26 Mars 1962 à Alger un jour ! Comment oublier cette tragédie?

26 Mars 1962 à Alger un jour ! Comment oublier cette tragédie?

Témoignage de Gilbert Navarro

Ce Lundi 26 Mars 1962 vers 13 heures à Alger, j’ai 19 ans, de mon quartier les HBM du Champ de Manœuvre, déterminé à porter aide et assistance à nos proches et amis confinés par la force dans Bab El Oued, assiégés dans d’horribles circonstances depuis plus d’une semaine, j’ai rejoins la foule de mes compatriotes : des hommes, des femmes de tous âges et des enfants, certains dans des poussettes.

Nombreux sont les barrages militaires, avec barbelés, en chicanes gardés par des hommes en armes sous la tenue de l’armée française.

Ces militaires sont agités, nerveux, inquiets !

 

La foule avance avec des drapeaux Bleu, blanc, rouge en chantant la Marseillaise notre Hymne National, Nous voulions garder l’Algérie Française.

 

Ma mémoire me redonne les images de cette Grande Poste.
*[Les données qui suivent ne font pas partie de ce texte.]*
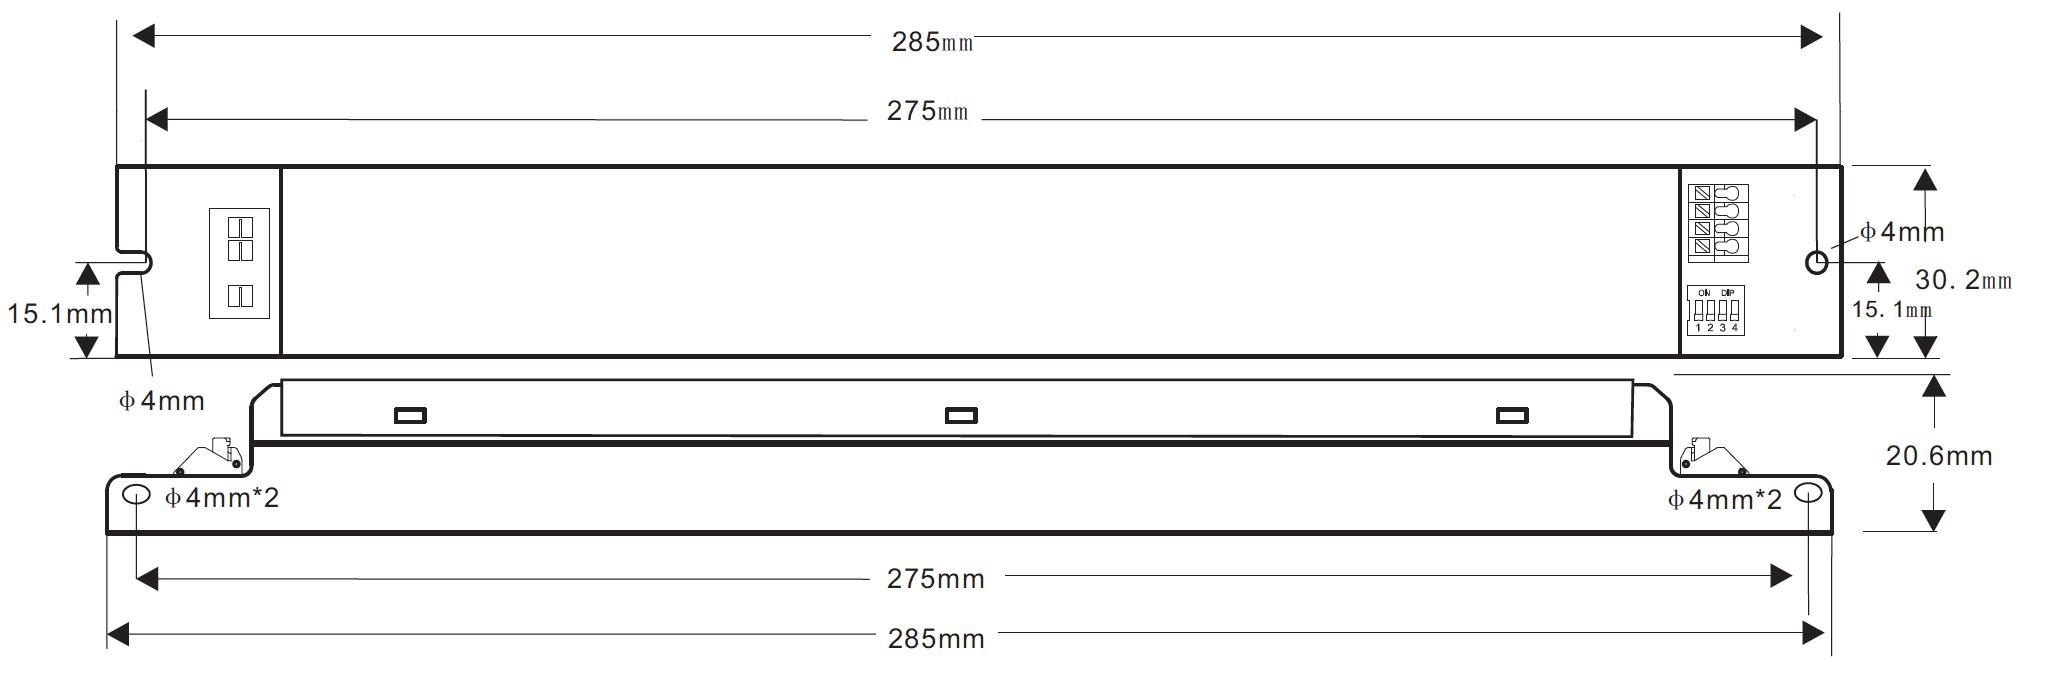 BK-BHL050-1250AD LED Driver Constant Current dimensions

Nous nous dirigions vers ce bâtiment où nous étions bloqués par une quinzaine de Tirailleurs musulmans, casqués et armés d’armes lourdes, commandés par un lieutenant hagard, dépassé,  qui «  criait de faites demi tour, partez, n’avancez pas ! Mes hommes ont reçu l’ordre de tirer ! »

Subitement c’est le déchainement des rafales des fusils mitrailleurs et autres armes automatiques, de toutes parts crépitent les armes de ces soldats, dans la direction de la foule des immeubles et de terrasses et les cris d’un officier hurlant comme un fou « Halte au feu, halte au feu !

Nom de Dieu, nom de Dieu, personne n’entend ou ne veut obéir aux ordres.

Dans la folie et les hurlements, j’ai vu une maman et son bébé sauvagement assassinés. Les balles crépitaient encore ; le sang versé à terre.

D’autres gisaient à terre blessés, ensanglantés.

En tentant d’échapper à la tuerie, une femme a sauté une barrière, elle s’est cramponnée à ma veste mais elle a été abattue par un ou plusieurs projectiles dans le dos. Impuissant, dans la fusillade, je pensais à ma mère et je priais Dieu.

Nous étions encerclés, cernés de toutes parts, les manifestants étaient canalisés vers le carrefour de l’Agha pour être embarqués dans des camions, surtout les jeunes gens.

J’ai eu la chance de pouvoir m’échapper de cet enfer, à 19 ans toujours en vie, mais pour combien de temps ! Vers 20 heures de retour au Champ de Manœuvre, j’étais seul sur la Place Général Sarrail. J’avais une plaie au menton  et je saignais

Pour la petite histoire, j’en rirais peut être encore, mais la peur d’affronter ma mère était très forte !

Une voisine qui me reconnaît en traversant la place s’écrie à l’adresse de ma mère : « Madame Navarro on a tué votre fils », Les gens devenaient fous ! Mon frère et mon beau frère, qui étaient partis à ma recherche (comme de nombreux  habitants du quartier), revenaient de la morgue vers 21 heures. Je ne vous explique pas la situation ! Non jamais je ne pourrais oublier la journée meurtrière du 26 Mars 1962 à Alger.

J’ai été photographié en première page et dans l’article 3 du n° 678 du 7 Avril 1962 de Paris Match.